§ Data section:
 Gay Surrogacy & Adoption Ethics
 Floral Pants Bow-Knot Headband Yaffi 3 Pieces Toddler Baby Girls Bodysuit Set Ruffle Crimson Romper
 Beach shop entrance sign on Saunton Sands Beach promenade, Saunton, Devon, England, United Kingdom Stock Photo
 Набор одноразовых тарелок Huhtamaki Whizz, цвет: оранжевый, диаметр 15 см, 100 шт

§ Activity: A verbatim version of the complete listing above is to be returned.

§ Response to this exercise:
 Gay Surrogacy & Adoption Ethics
 Floral Pants Bow-Knot Headband Yaffi 3 Pieces Toddler Baby Girls Bodysuit Set Ruffle Crimson Romper
 Beach shop entrance sign on Saunton Sands Beach promenade, Saunton, Devon, England, United Kingdom Stock Photo
 Набор одноразовых тарелок Huhtamaki Whizz, цвет: оранжевый, диаметр 15 см, 100 шт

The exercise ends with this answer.